I grew up to be nothing like Jen Lindley.

As much as I adored Jen, I didn't grow up to be like her. You'd think that if you idolize someone, you'll do your best to be more like them... but that clearly isn't what happened. In fact, I didn't even grow up to Joey. I grew up to be... Andie McPhee.

It's sad to admit that while watching her on the screen now, but she is me. I am her. I can't find a single thing about Andie that I cannot relate to. I was a nerd. I was obsessed with getting good grades and I applied to a gazillion colleges... not because I wanted to go there, but just because I wanted to see if I could get in (this is a toxic trait I still have to this day). I even have a gay brother!

And then there's the mental illness. 'Dawson's Creek' sucked at portraying mental illness (and homosexuality while we're at it) to be honest, but the fact that she had one hit far too close to me. I just wish I had someone like Pacey, too. Though the way Andie ended up handling that... I can already see how things might've panned out for me if I had a Pacey of my own.


I would probably date Dawson in real life.

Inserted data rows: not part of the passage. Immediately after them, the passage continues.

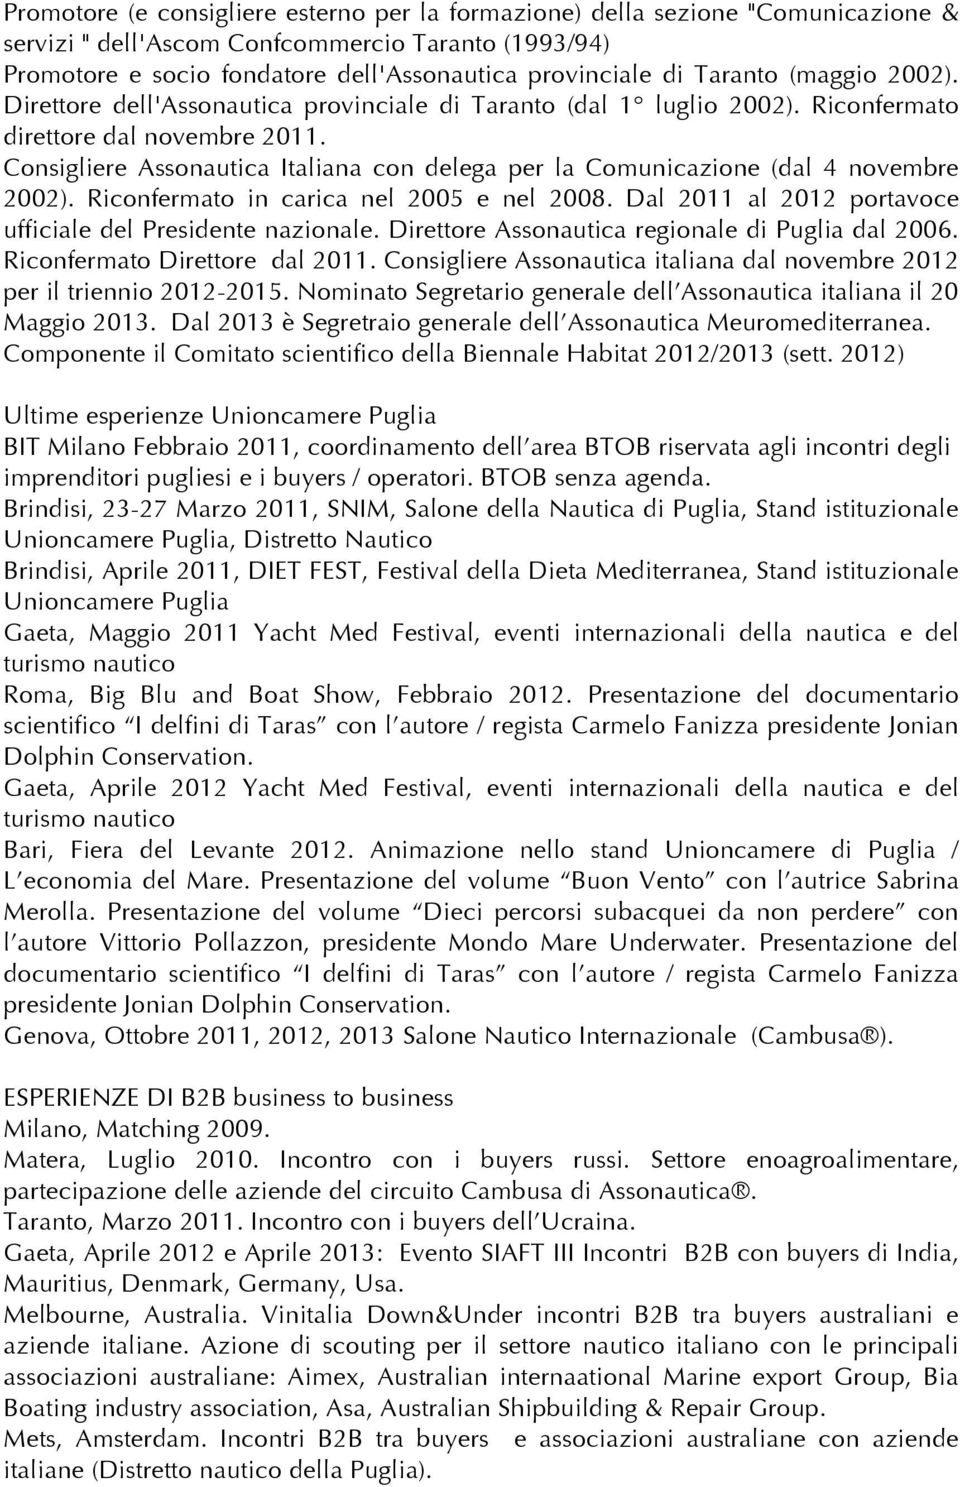 Consigliere Assonautica Italiana con delega per la Comunicazione (dal 4 novembre 2002). Riconfermato in carica nel 2005 e nel 2008. Dal 2011 al 2012 portavoce ufficiale del Presidente nazionale.
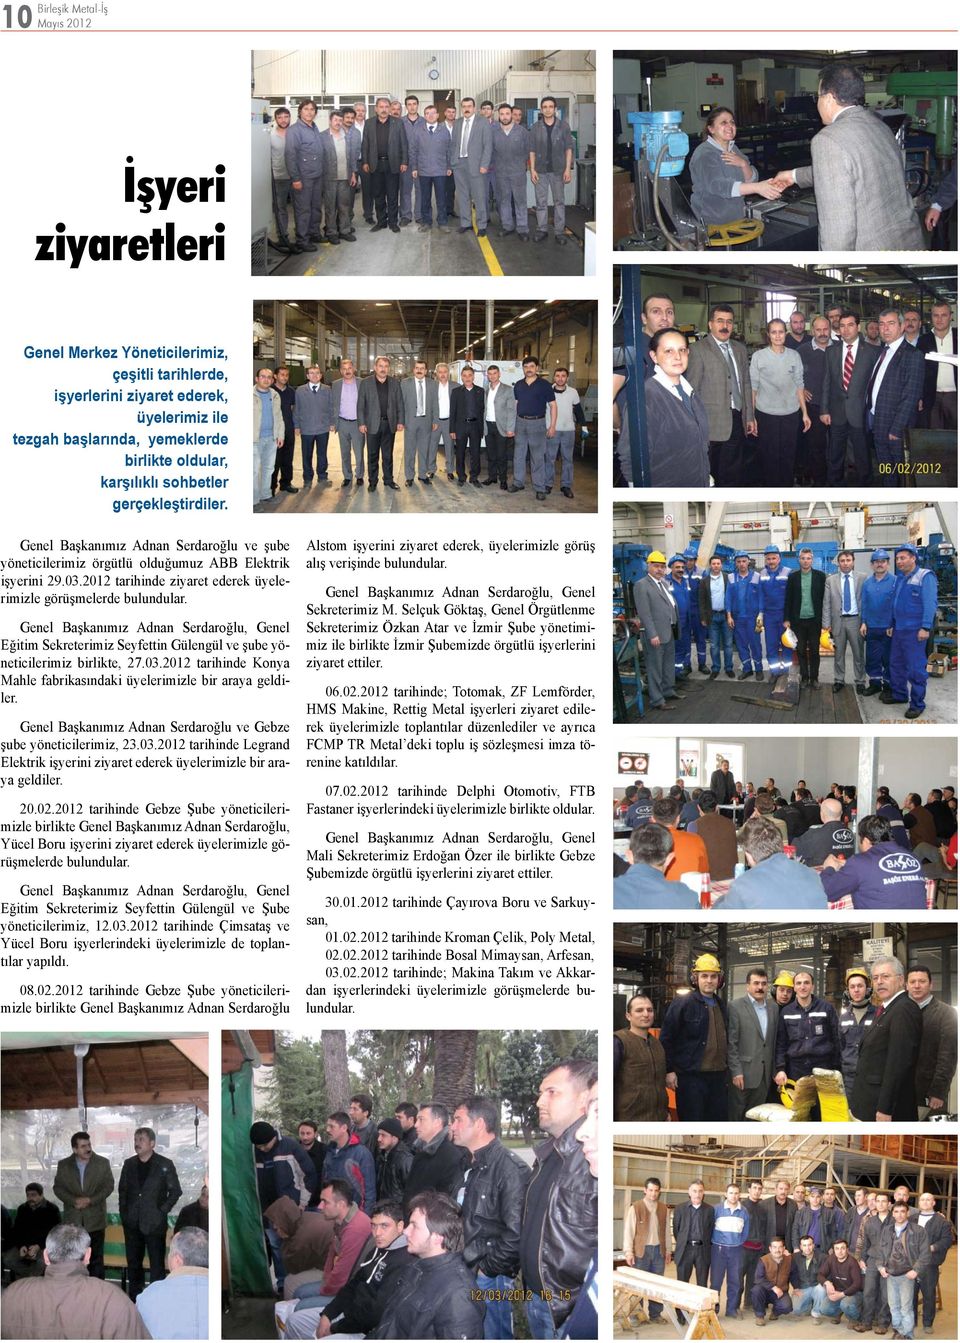 Genel Başkanımız Adnan Serdaroğlu, Genel Eğitim Sekreterimiz Seyfettin Gülengül ve şube yöneticilerimiz birlikte, 27.03.2012 tarihinde Konya Mahle fabrikasındaki üyelerimizle bir araya geldiler.
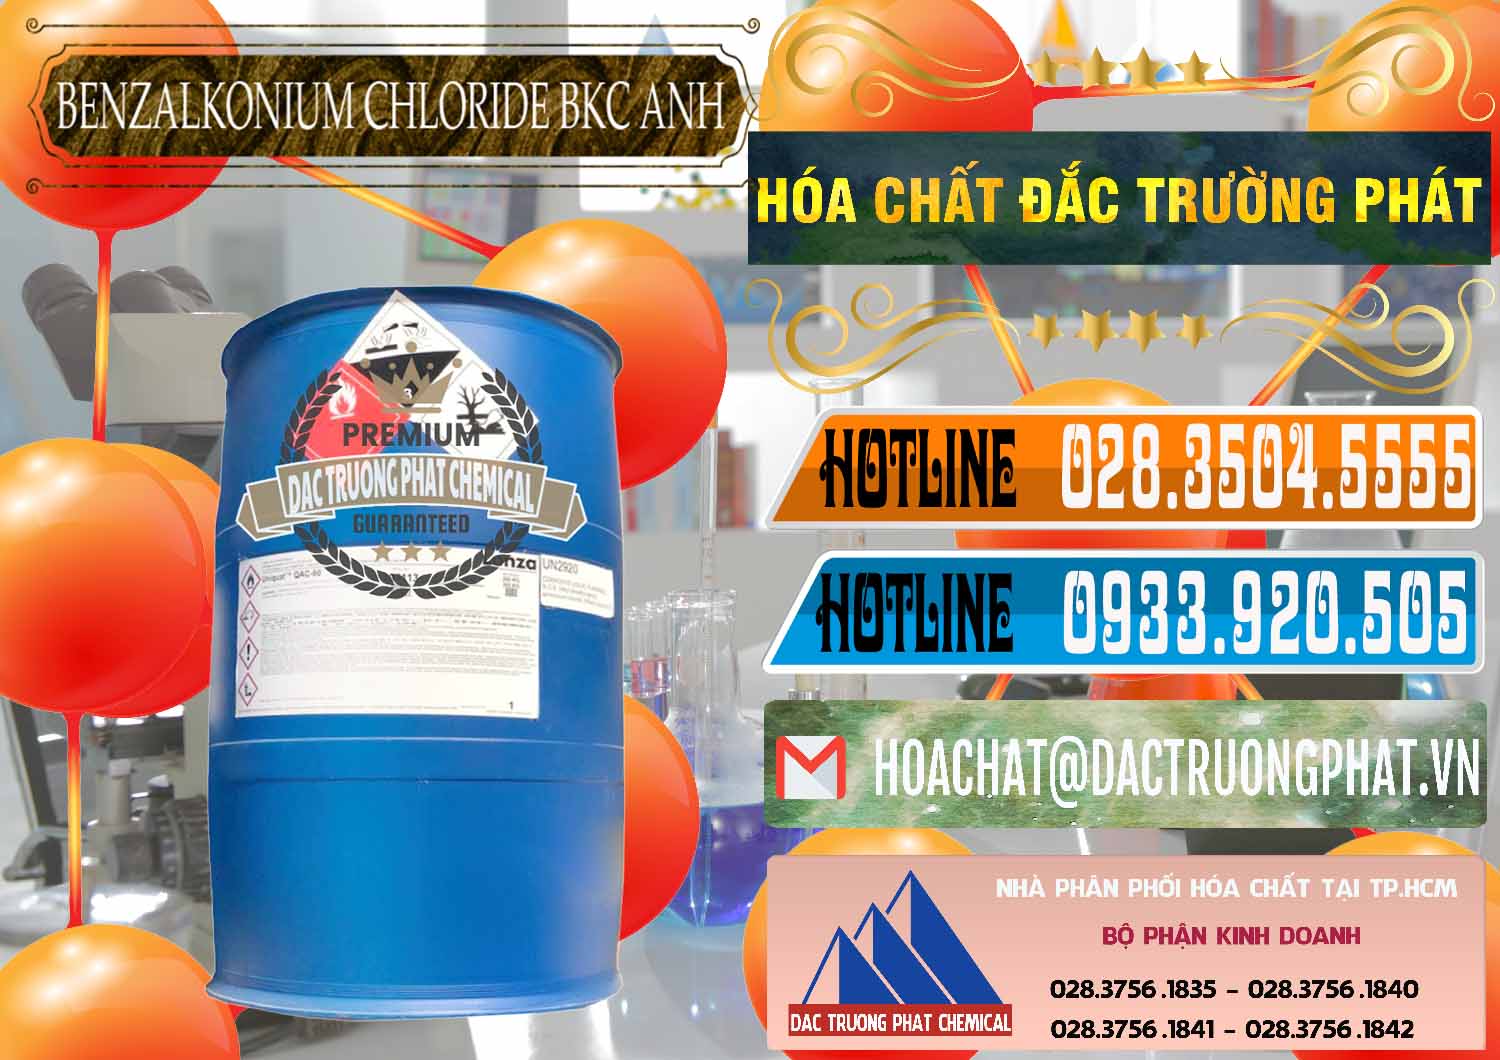 Công ty cung cấp và bán BKC - Benzalkonium Chloride 80% Anh Quốc Uk Kingdoms - 0457 - Đơn vị cung cấp và phân phối hóa chất tại TP.HCM - stmp.net

I loved Pacey and I still do now that I'm rewatching it. But let's be honest: a geeky Spielberg-loving filmmaker with a room that looks like all of the rooms I've ever had? Dawson is the geek of my dreams. He just needs a new haircut.

'Dawson's Creek' touched on so many issues.

All I really remember about 'Dawson's Creek' - the title song aside - is that it was fun to watch. I never remembered it as a "serious" show. In fact, whenever I talk to people about coming-of-age series, I always talk about how much I miss 'The OC' and 'One Tree Hill' because they portrayed the sad realities of teenage life well. It turns out 'Dawson's Creek' did that, too. They've got everything in there: wild sex lives, peer pressure, divorce, scandals with teachers (lol), suicide, homosexuality, mental illness... though I am still just on Season 2 at the moment and that's when I realized...

I never finished the show.

This makes sense, really. We left Germany a mere year after 'Dawson's Creek' first aired. I was 12 and on the verge of experiencing real teenage life for myself. By the time we moved to the Philippines for my first couple of high school years, I was so immersed in the transition to teenagehood and discovering boys and first kisses and first heartbreaks that I didn't make time to watch shows on TV anymore. I am in the second half of Season 2 at the moment and have no idea how this show is going to pan out.

I hope Pacey doesn't get back together with Andie, though. He deserves better.